Twenty-two vintage valentines were displayed at the Rosenberg Library during the month of February.  The valentines date from 1818 through the 1920s. 

 ORIGIN OF VALENTINE’S DAY

Popup_Valentine

A great deal of mystery surrounds the origins of Valentine’s Day.  Valentine was a Catholic priest who lived in Rome in the third century A.D.  During this time, persecuted Christians were forced to renounce their faith or face severe penalties, including death.  Emperor Claudius II also called for a ban all engagements and marriages because he believed that only single men would willingly dedicate their lives as soldiers for the Roman Empire.  Refusing to abandon his role as a holy man, Valentine continued to perform marriage ceremonies in secret.  The emperor, however, soon became aware of this disobedience.  Valentine’s defiant acts were rewarded with a death sentence, and he was beaten and beheaded on the 14th of February, around 270 A.D.  For this reason, Valentine came to be known as the patron saint of love and marriage, and February 14th became recognized as his feast day.

 VALENTINE’S DAY AND THE FEAST OF LUPERCALIA

1818_Valentine

Before the rise of Christianity, the Roman people celebrated a pagan ritual known as the Feast of Lupercalia.  Each year, around the middle of February, Roman maidens gathered in the public square and placed their names in an urn.  Unmarried Roman men would draw names, and whichever maidens they chose became their lovers for the upcoming year.  As Christianity began to spread in Europe during later centuries, great efforts were made to end these types of pagan rites.  Since the feast day of St.
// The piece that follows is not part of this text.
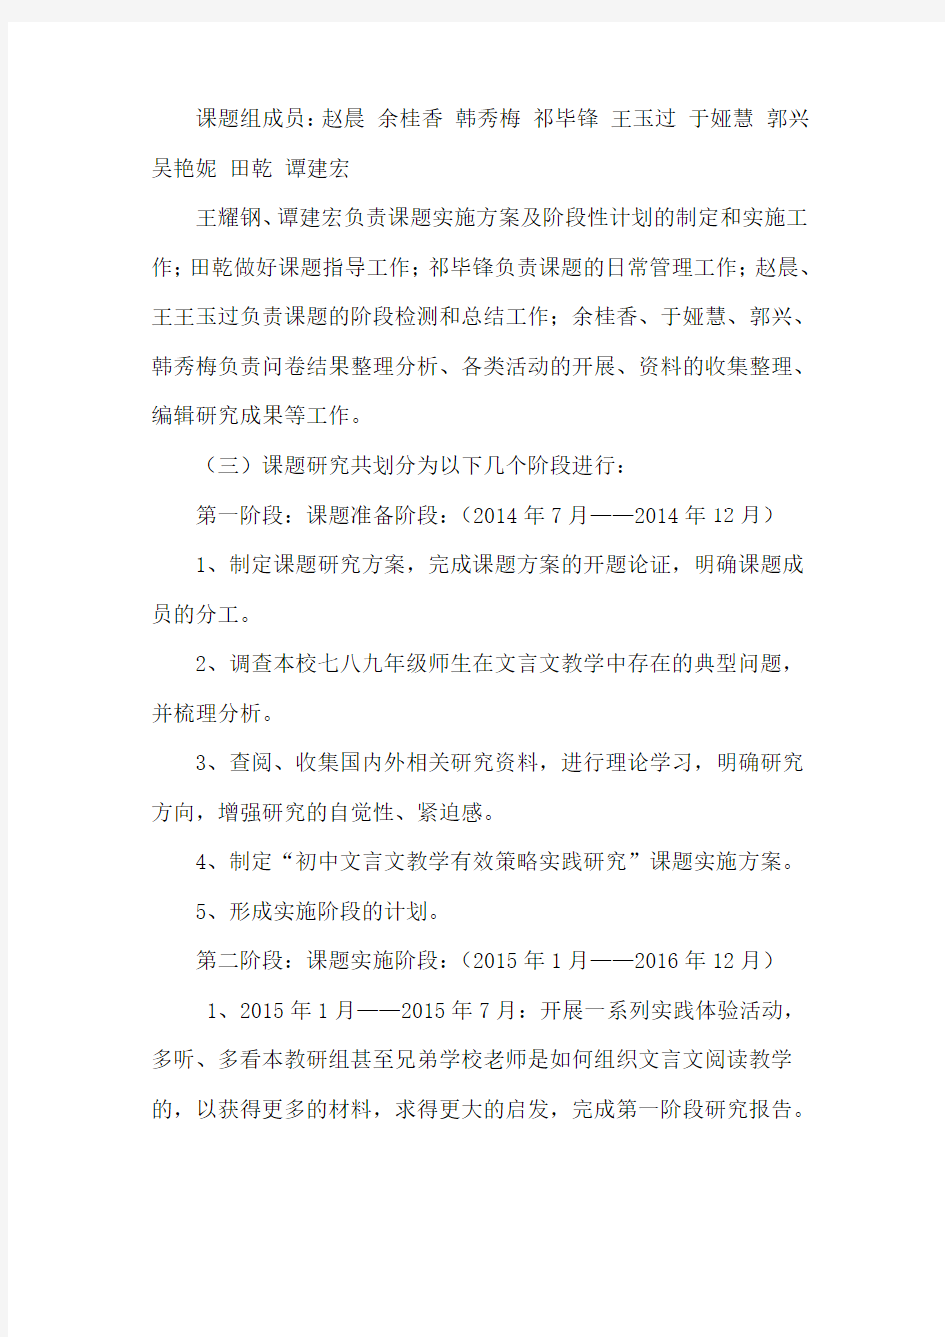 《初中文言文有效教学策略实践研究》课题研究中期工作总结报告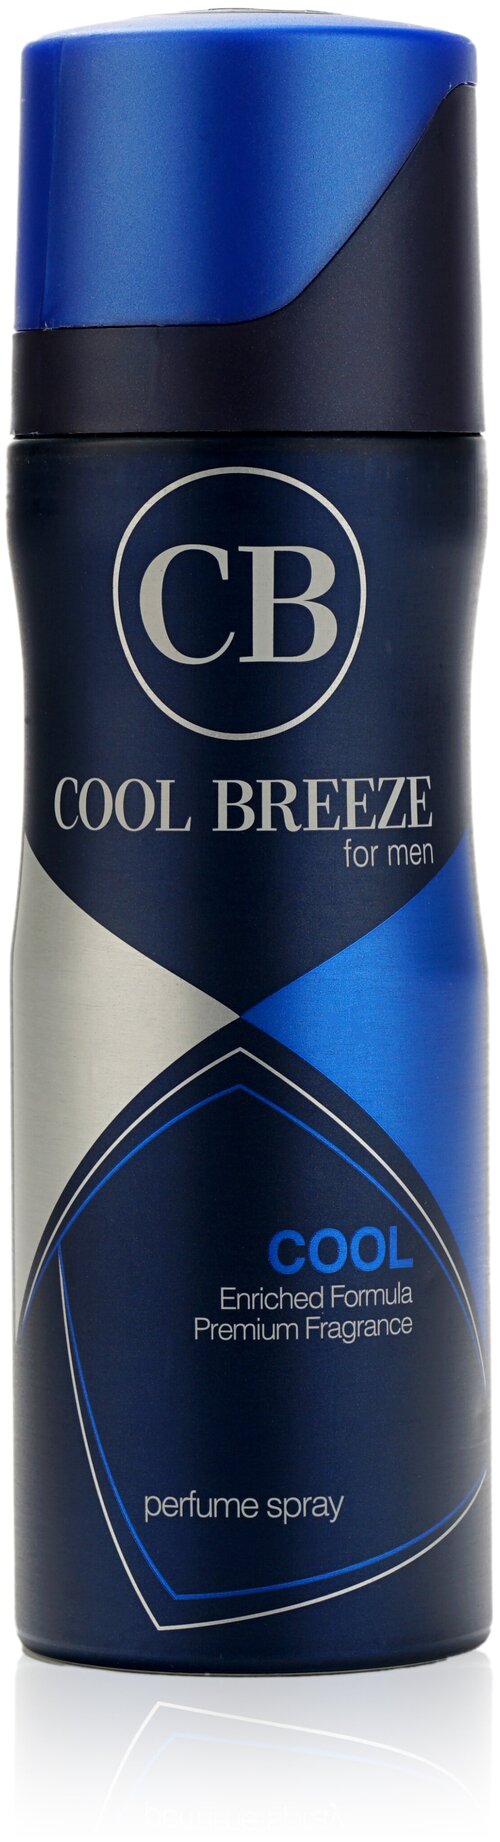 Дезодорант Cool Breeze мужской аэрозольный, Cool, 200 мл.

Valentine fell during mid-February, and he was known to be an advocate for sweethearts and married couples, it is believed the Feast of Lupercalia evolved into Valentine’s Day as we now know it.

 THE HISTORY OF VALENTINE CARDS

Valentine_Boy

The earliest written valentine (now in the collection of the British Museum) is attributed to Charles, Duke of Orleans, who was serving time in the Tower of London in 1415.  While in prison, he wrote rhymed love letters and sent them to his wife back in France.  Another early valentine card was composed by the fifteenth-century English poet, John Lydgate, at the request of Henry V, King of England.  The king commissioned Lydgate to create a romantic prose for his future wife, Catherine of Valois.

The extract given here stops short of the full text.